#### [The task]
Your job is to retype all of the data word for word, leaving every image out.

#### [Data shown]
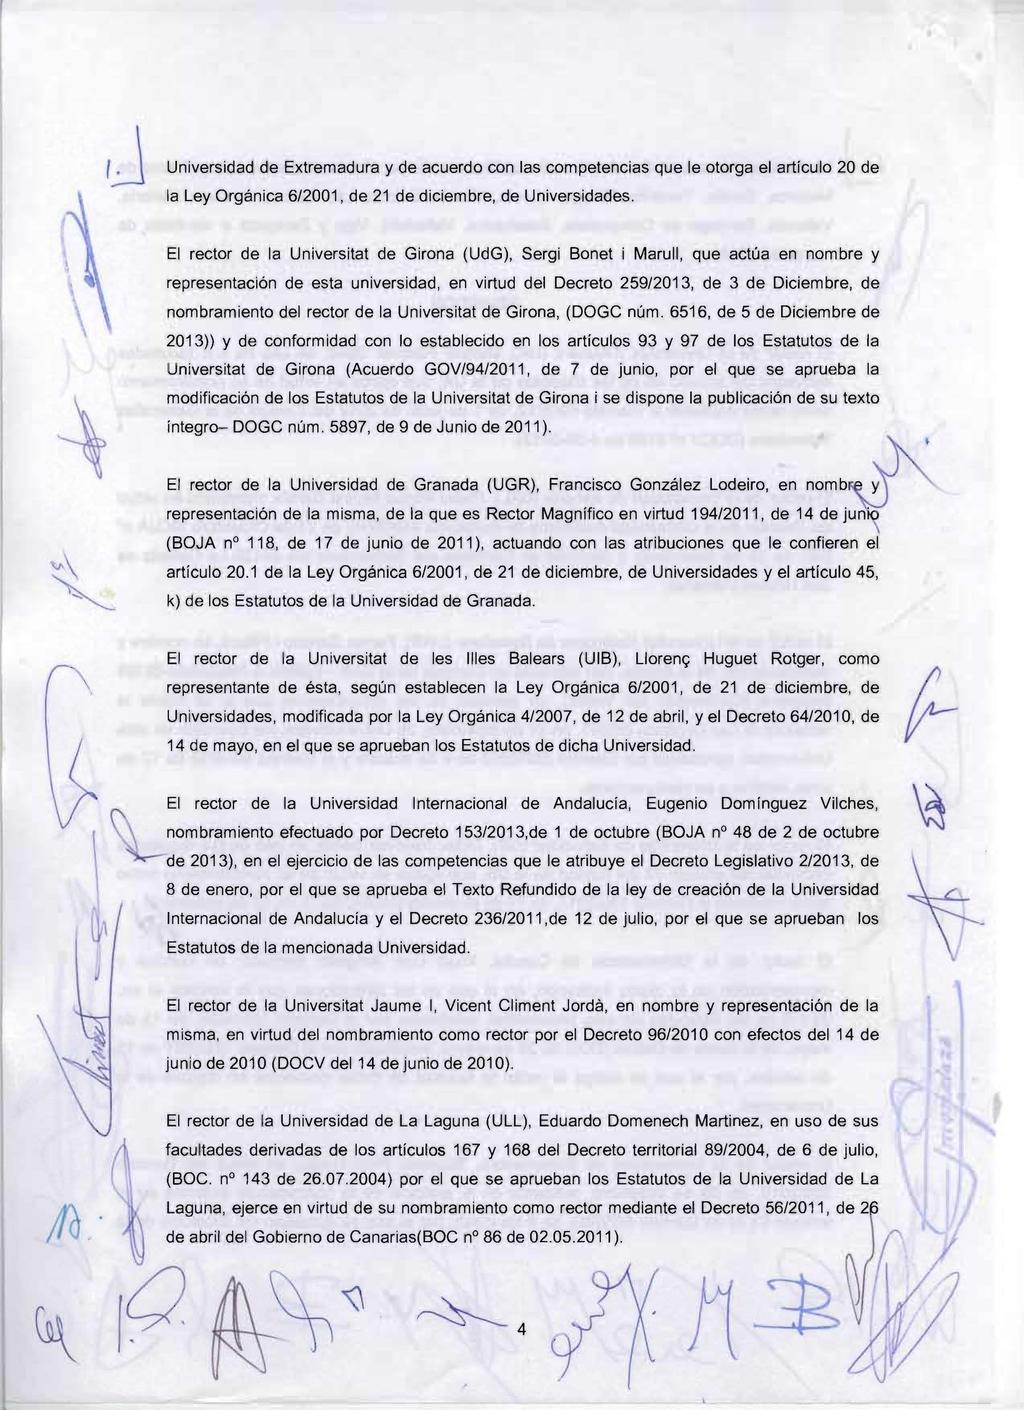 Universidad de Extremadura y de acuerdo con las competencias que le otorga el artículo 20 de la Ley Orgánica 6/2001, de 21 de diciembre, de Universidades.
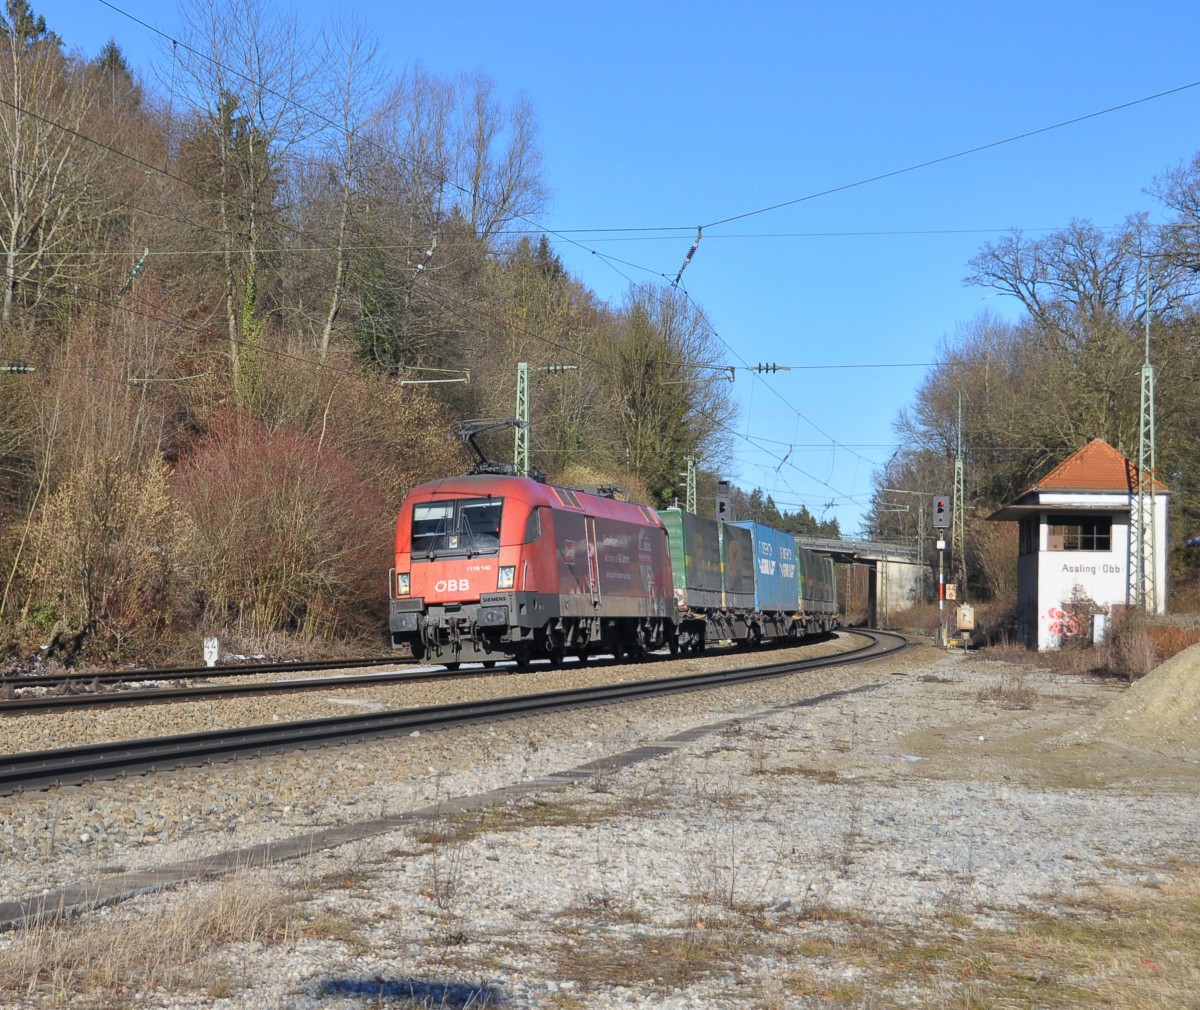 1116 143 die Montan Lok ist mit einem KLV in Richtung Österreich unterwegs und kommt in Aßling Obb.dem Fotografen vor die Linse am 6.2.2014
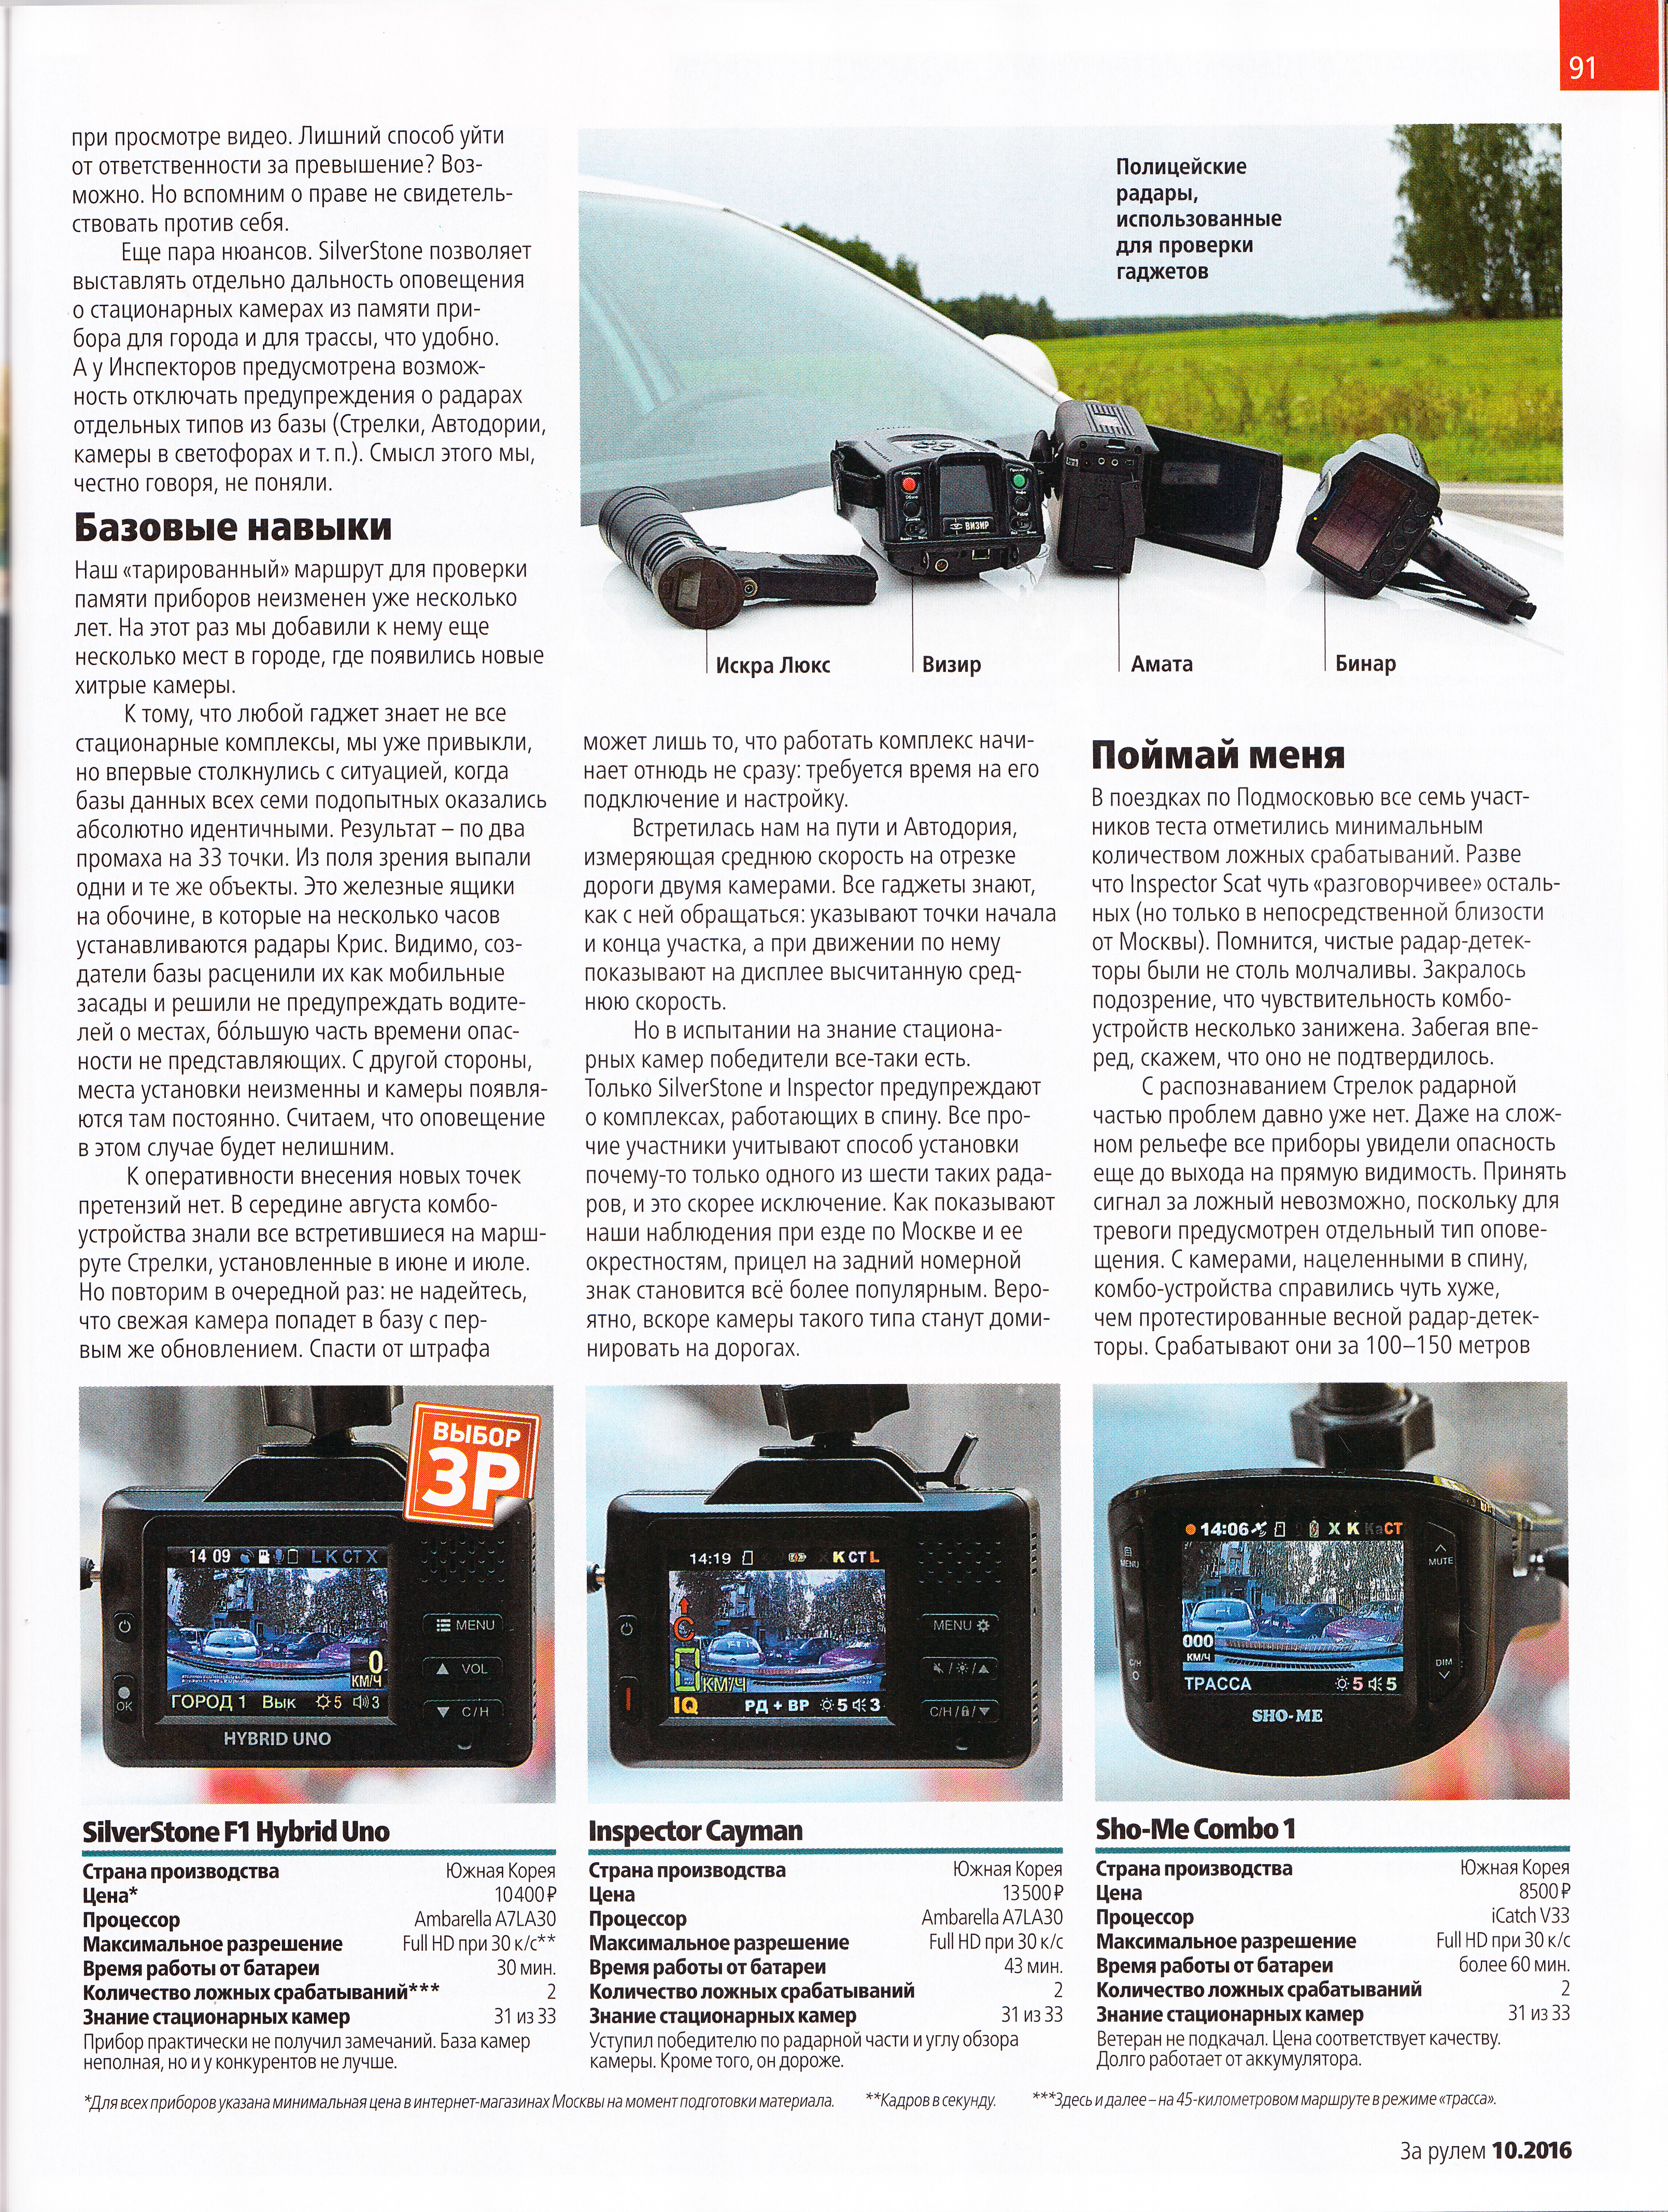 Комбо-устройство SilverStone Hybrid UNO в тесте журнала За Рулём

#### [The completed task]
 Universidad de Extremadura y de acuerdo con las competencias que le otorga el artículo 20 de la Ley Orgánica 6/2001, de 21 de diciembre, de Universidades.
 1116 143 die Montan Lok ist mit einem KLV in Richtung Österreich unterwegs und kommt in Aßling Obb.dem Fotografen vor die Linse am 6.2.2014
 Комбо-устройство SilverStone Hybrid UNO в тесте журнала За Рулём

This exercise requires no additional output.